Set everything back as in task 1 (you can use the Reset Inputs button), but increase the simulation time to 200 days (to ensure we reach steady state). Run the model. Record B and I at the end. Then set \(d_I=3\), run again, and again record values for B and I. Do it again for \(d_I=4\).
Record
Final value for B, continous model, dI = 2
Final value for B, continous model, dI = 3
Final value for B, continous model, dI = 4
Final value for I, continous model, dI = 2
Final value for I, continous model, dI = 3
Final value for I, continous model, dI = 4
Task 7
Again, set everything back as in task 1 (you can use the Reset Inputs button). Set the y-axis to log for the plot. Change immune response decay rate, dI, to 0.2. You should get a plot where both immune response and bacteria numbers drop below 1 and take on fractional values. Contemplate what that means. If not clear, re-read the bullet points at the start of this page. This is one of the draw-backs of ODE based models, and we’ll revisit this topic in the stochastic apps.
Record
Task 8
Go wild! Change any inputs you want to change, see how it affects the results. To start building intuition, it is best to change one quantity at a time. Before you run a simulation with new settings, contemplate what you think might happen. Then see if it does. Always go through an iterative cylce: Think about expectations -> run simulation -> update understanding (Do Science/Research).
Record
Further Information
This app (and all others) are structured such that the Shiny part (the graphical interface you see and the server-side function that goes with it) calls an underlying R script (or several) which runs the simulation for the model of interest and returns the results. For this app, the underlying functions running the simulation are called simulate_basicbacteria_ode and simulate_basicbacteria_discrete. You can call them directly, without going through the shiny app. Use the help() command for more information on how to use the functions directly. If you go that route, you need to use the results returned from this function and produce useful output (such as a plot) yourself.

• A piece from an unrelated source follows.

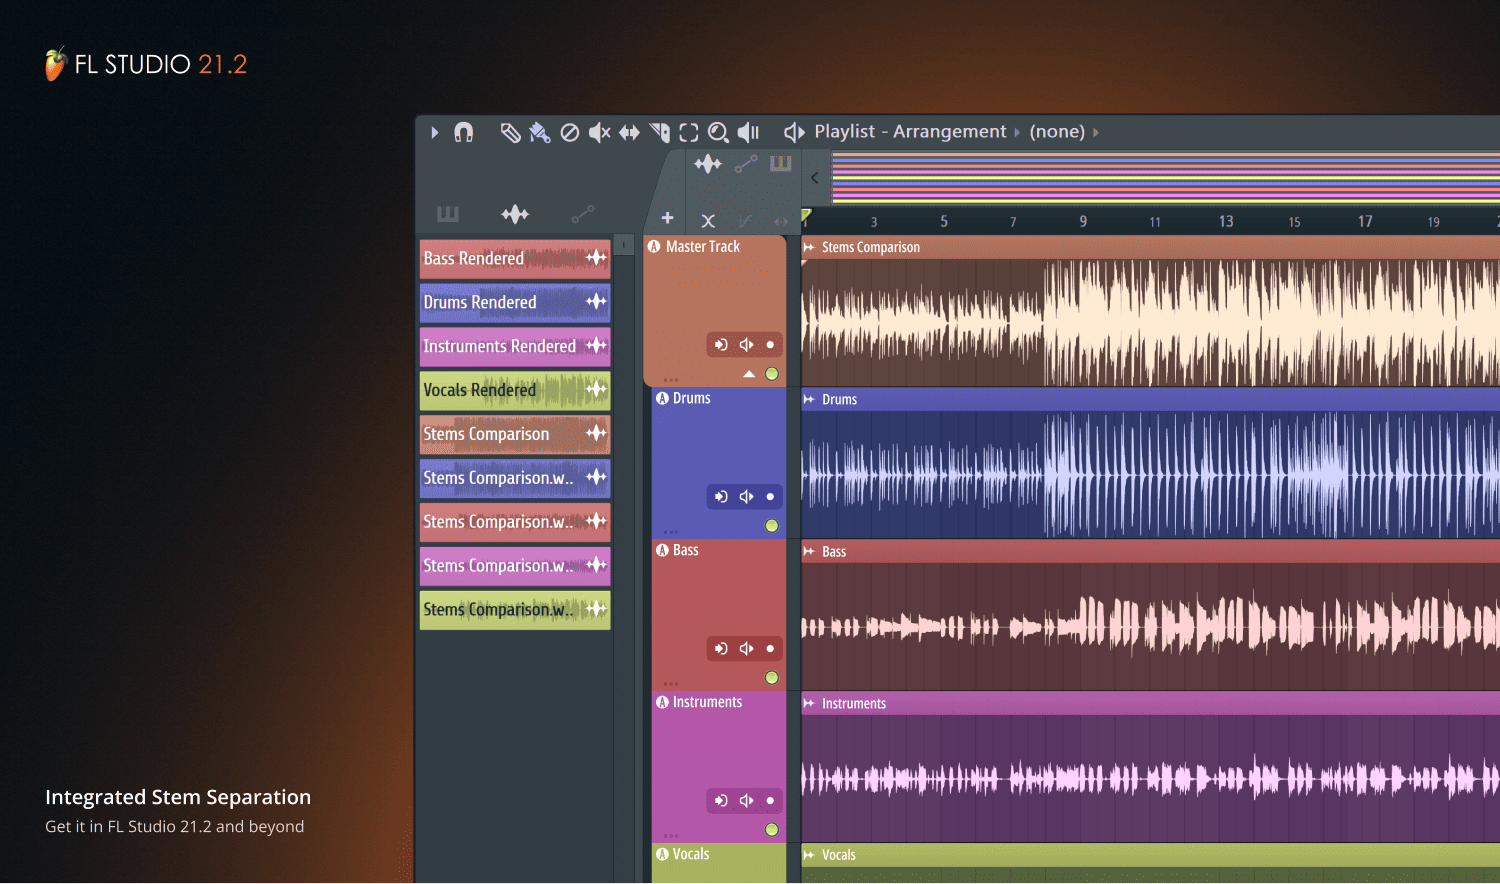 FL Studio 21.2 Stem Separation Flatlay Image Credits: Image-Line

You can also download all simulator functions and modify them for your own purposes. Of course to modify these functions, you’ll need to do some coding.
For examples on using the simulators directly and how to modify them, read the package vignette by typing vignette('DSAIRM') into the R console.
The model we are exploring here belongs to a class of well-studied models in ecology known as predator-prey models. If you want to learn more about these kinds of models, see e.g. (Otto and Day 2011). The models in those references are described in the context of ecology, but results transfer to within-host situation. For somewhat similar within-host models (applied to TB and antibiotic resistance), see (Antia, Koella, and Perrot 1996; Handel, Margolis, and Levin 2009).
References
Antia, R, J C Koella, and V Perrot. 1996.
“Models of the Within-Host Dynamics of Persistent Mycobacterial Infections.” Proceedings. Biological Sciences 263 (March): 257–63.
https://doi.org/10.1098/rspb.1996.0040.
Handel, Andreas, Elisa Margolis, and Bruce R Levin. 2009.
“Exploring the Role of the Immune Response in Preventing Antibiotic Resistance.” Journal of Theoretical Biology 256 (February): 655–62.
https://doi.org/10.1016/j.jtbi.2008.10.025.
Otto, Sarah P, and Troy Day. 2011. A Biologist’s Guide to Mathematical Modeling in Ecology and Evolution. Princeton University Press.